You gave us one of the best, mass-appeal, fantasy films, The Princess Bride, and two of the best, Stephen King adaptations, Misery and Stand By Me.
And let's not dare overlook A Few Good Men, Ghosts of Mississippi, The Wolf of Wall Street, Throw Mama from the Train, When Harry Met Sally, The Story of Us, Sleepless in Seattle, The Bucket List, The Magic of Belle Island, And So It Goes, The American President, LBJ, Primary Colors, Everyone's Hero, Alex & Emma, Flipped, The First Wives Club, Being Charlie, North, Albert Brooks: Defending My Life, Shock and Awe, Rumor Has It, This is Spinal Tap and Spinal Tap: The End Continues (which I watched just last night and like even more than the first, and I like the first a lot).

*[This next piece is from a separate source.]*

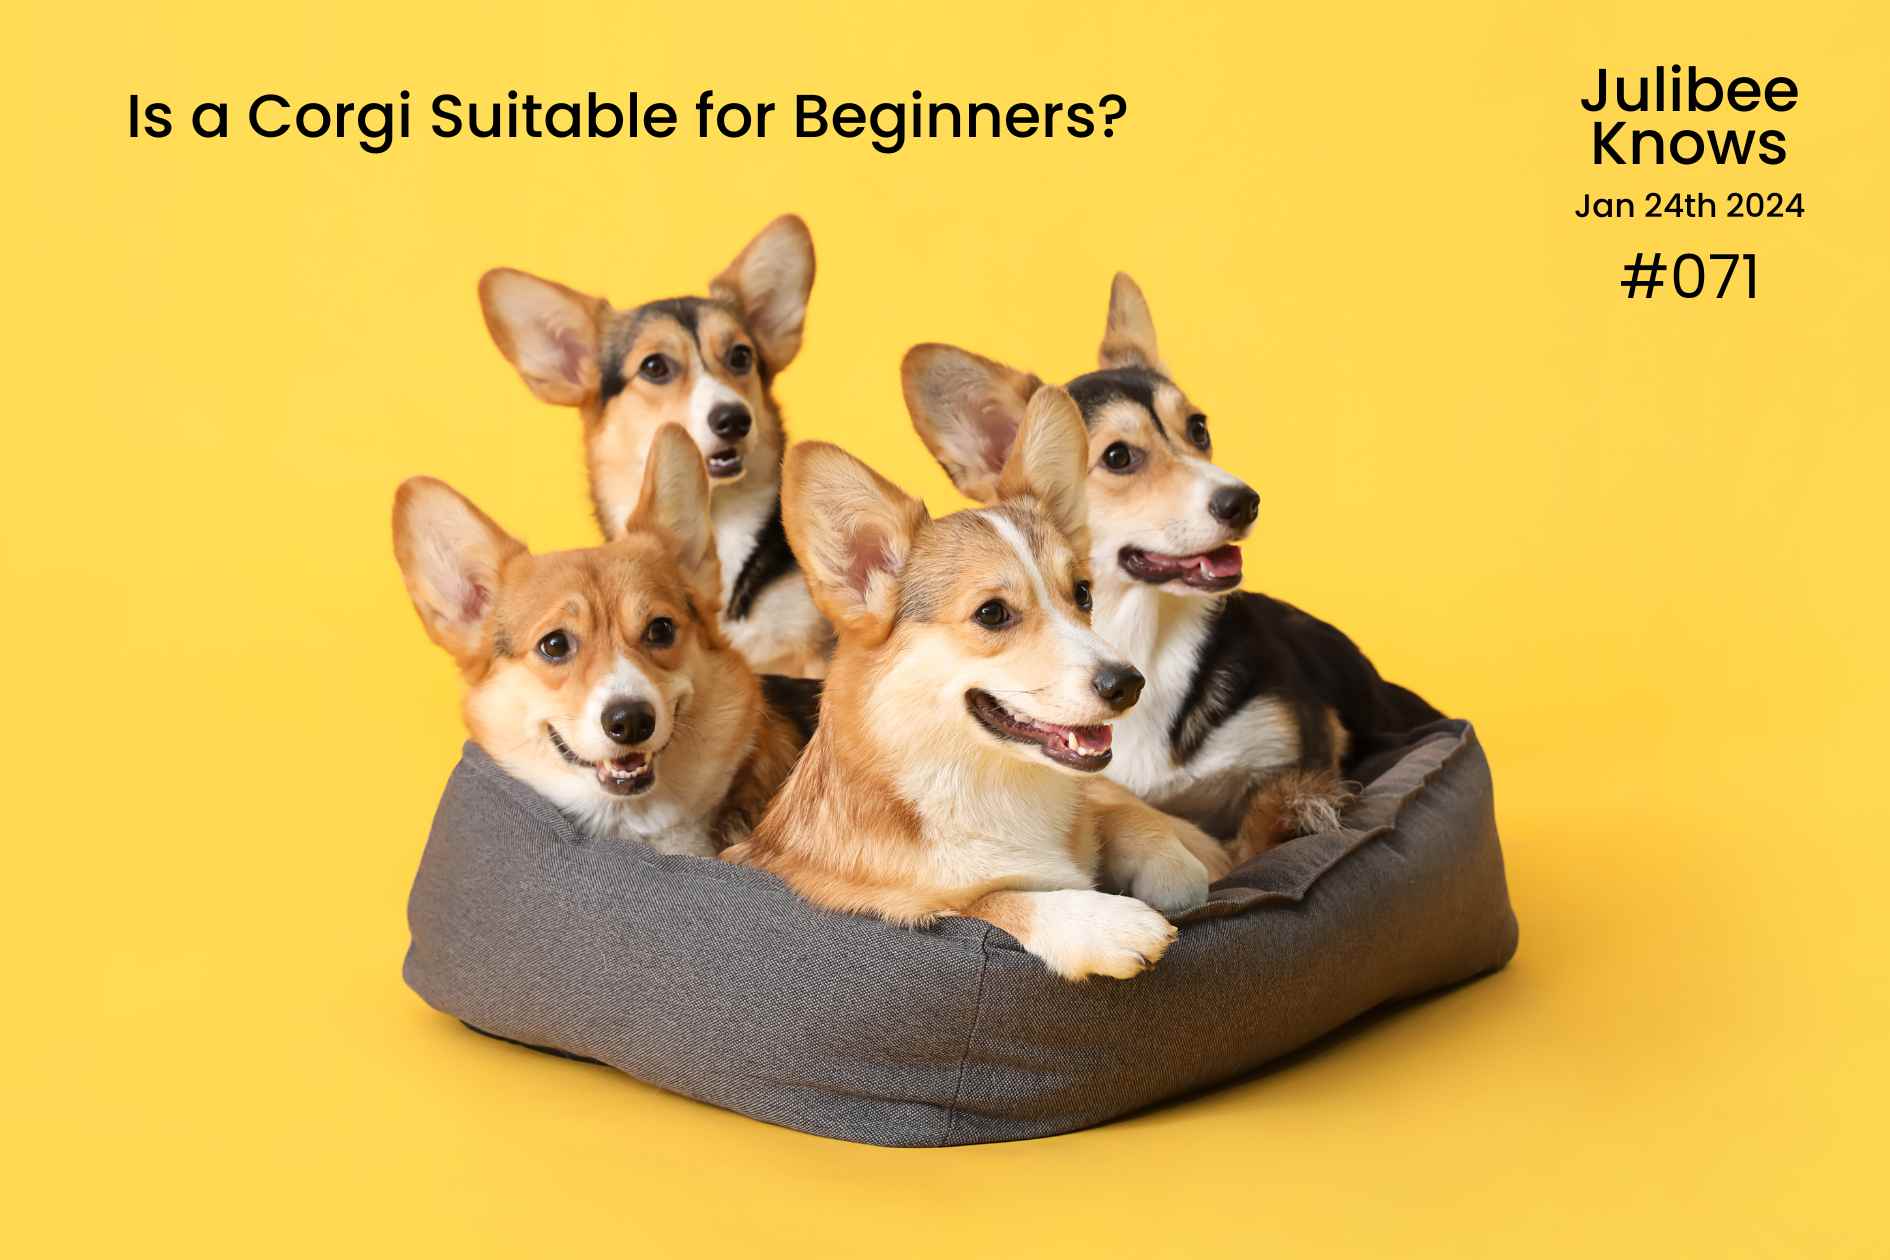 Is a Corgi Suitable for Beginners

Your television, guest spots were fun, too, with The Andy Griffith Show, Gomer Pyle, The Beverly Hillbillies, The Odd Couple, Room 222 and Thirty Rock among the queue (and even a hardy, writing job for The Smothers Brothers Show), but it was your role as Mike "Meathead" Stivic on All and the Family that drew me to you when I was a spry, impressionable kid.
Mike's engagements with Carol O'Conner's Archie Bunker may have been heated, but in those quarrels, I learned so much, in particular that two sides prevail for most any philosophical notion. (Too bad that two-way street isn't practiced more these contentious days.)
Alas, your passing was both unexpected and startling, but it's the long run of your aesthetic contributions that folks will recall: the foundation of a fruitful, mindful and creative life.